The tile for the floor was about the worst part of the job. We had mats of tile that I tried to arrange around the seams in the floor so as to work with the slopes I had built in. It took a lot of cutting and snipping with tile nippers, but I think the result looked pretty good if I do say so.
So today I went in to finish tiling. I wanted to let the floor rest at least overnight before I put anything on the walls. Here's how it went together today. I started on the left wall, half at a time:
Then the right wall, half-way up:
And then the back wall, where I staggered the seams because there was not an easy way to cut the tiles that would not show how out-of-plumb the outside corner of the building is, so I fudged it with a pattern that will not make it so obvious:
Here's what it looks like all the way done:
How lucky was that shower cutout?? I did a little happy dance with that one!
In an effort to keep tiles stuck to the overhead portion of the shower entrance, I devised this somewhat dubious system of clamps and braces. The two-by-fours each have scrap tile parts stuck to them to act as spacers to hold the tiles in without squashing the little plastic spacer bits between the tiles. Take a peek. If you're careful, you might see me in the mirror, taking the picture over my own shoulder:
One thing missing: Shower spigot!
As it turns out, this shower is going to have the spigot spray part mounted to a piece of copper tube that comes out of the top of the wall (through the trim and everything). I liked this idea especially because it meant I did not have to cut more tiles.
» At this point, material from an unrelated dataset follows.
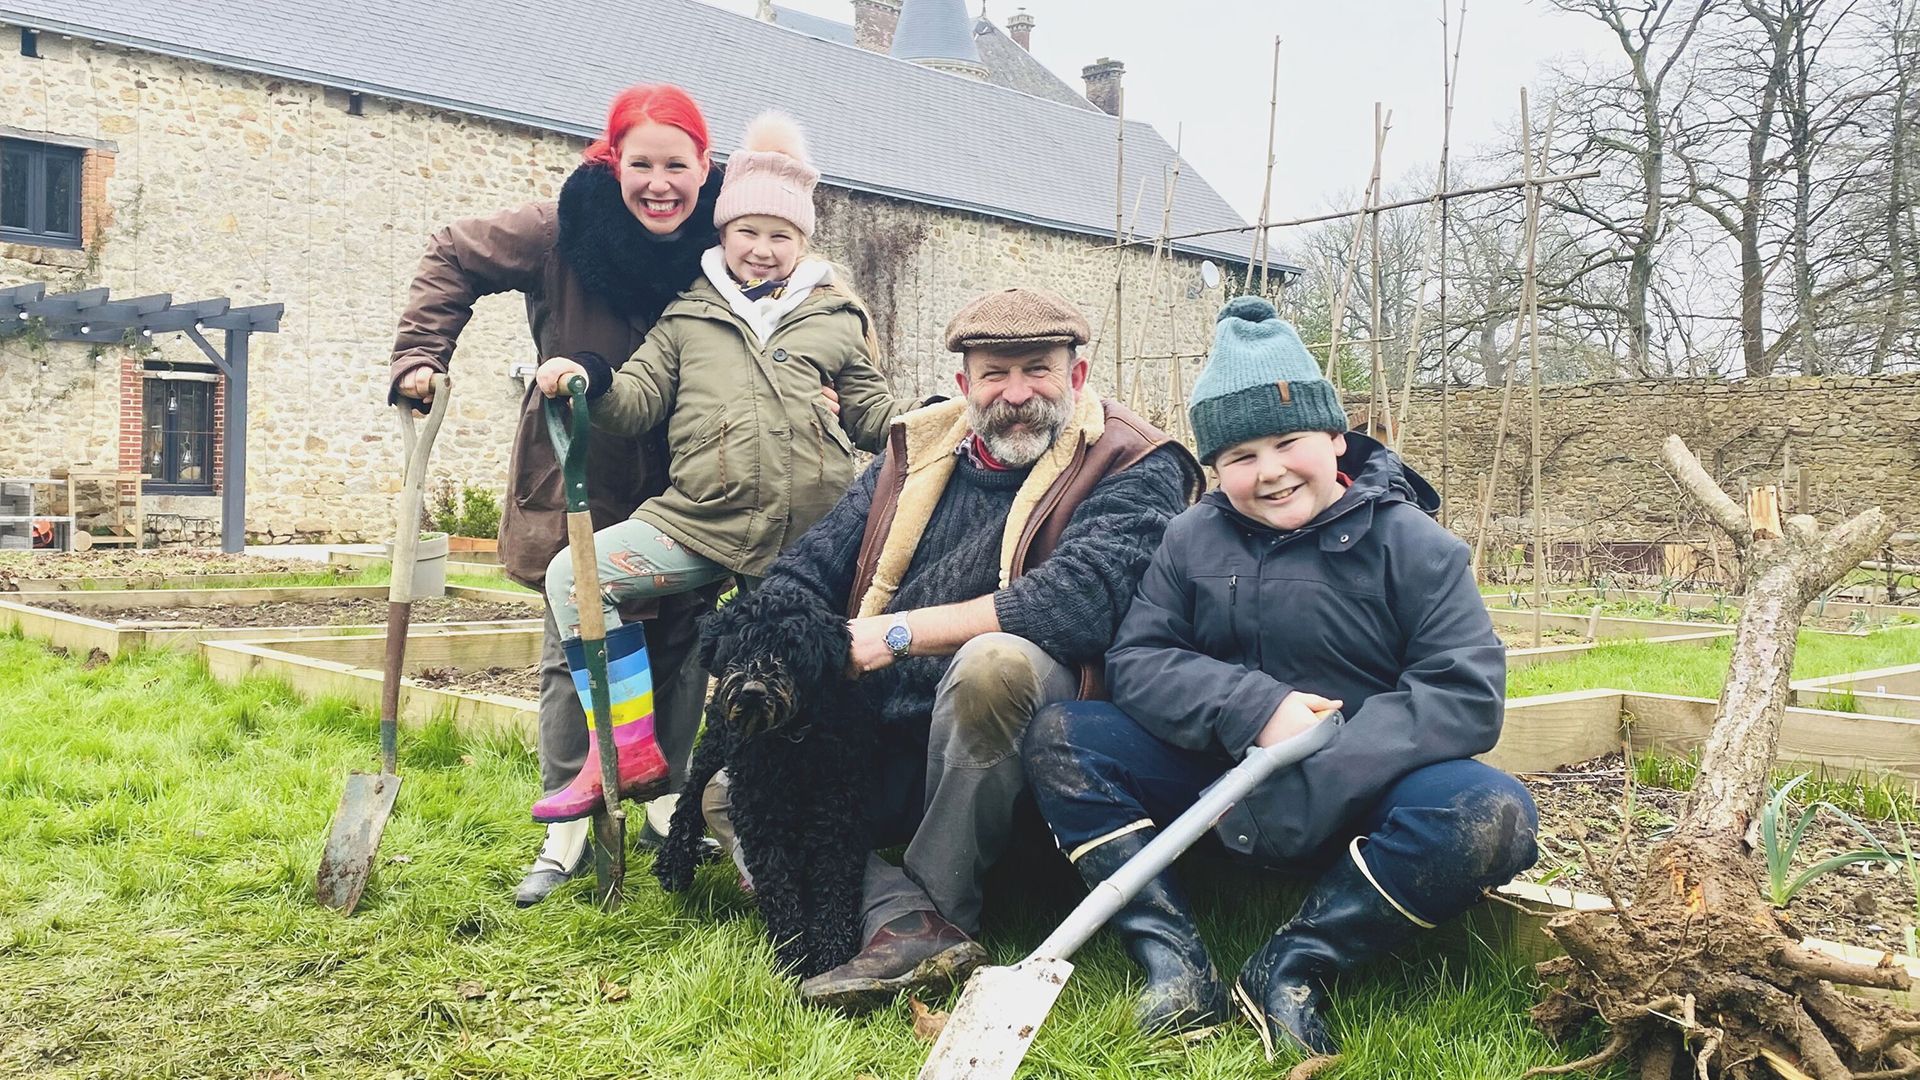 Angel and Dick Strawbridge digging in the garden with their children

It is not permanently fixed yet - just there so I know what's what and where it goes. My cheap clamp light is hooked over the end of the pipe, providing both light and heat in such a small area.
I'll have some more pictures when I get the drywall and trim up and the grout in and set, but for now I need to let it rest for at least 24 hours before I try anything else.
No philosophical diatribes today, I fear. Just ceramic tile in a very small shower.